You have to realize that the fault lies with you and then you have to act on
that realization. Seems he realized things were going sour, but his solution
was to jump in with the daily deals sites, instead of fixing the real problem
with his business.

You can use Groupon in one of two ways.

You can sell off excess inventory. In the case of a restaurant, this may mean
running a "breakfast only" deal if most of your clientele comes in for lunch
and dinner. Or you can run a "dinner only" if most of your customers are a
breakfast and lunch crowd. There are other creative ways and I have truly seen
"Groupon done well" in this way. You focus the Groupon customers to fill gaps.

The second way you can use Groupon is to temporarily keep your failing
business afloat. If this is all you do, your business will fail. It'll just
take longer. Groupon is like a credit card.

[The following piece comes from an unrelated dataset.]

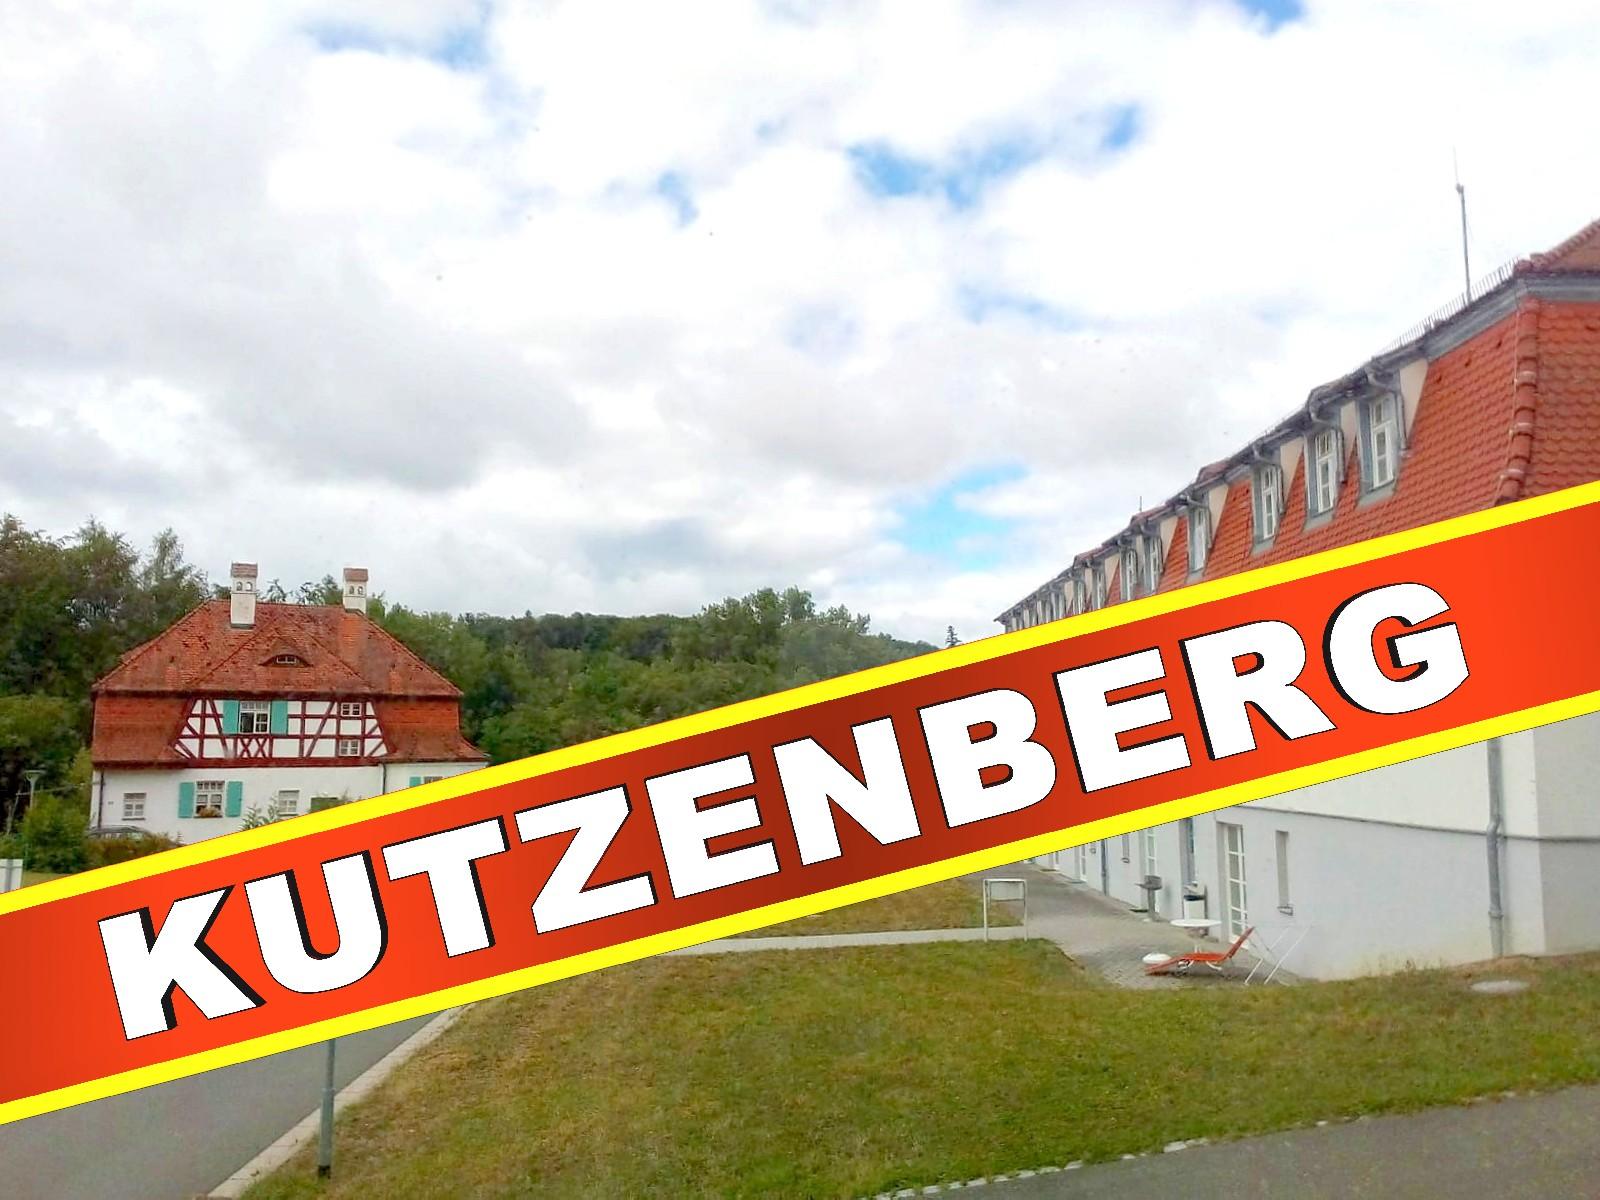 Bezirksklinikum Obermain Kutzenberg, 96250 Ebensfeld Psychiatrie Polizei Krankenhaus (41)

They'll give you cash fast and you
better use that cash to fix whatever is wrong with your business. If you
simply sit on your ass and do daily deals, you're just delaying the
inevitable. Don't blame Groupon, blame yourself for not fixing your business.

------
corkill
If your business isn't going well and you discount your prices and sell on
mass, what exactly is meant to happen..

Would be good if the deal sites did some kind of business model check/chance
of profiting check. But realistically it's not up to them and they can't
understand a business owners business better than the actual owner.

The business owner is having one last give stuff away for free day...

------
abalashov
I was just in Sheridan Park, and this makes me very sad.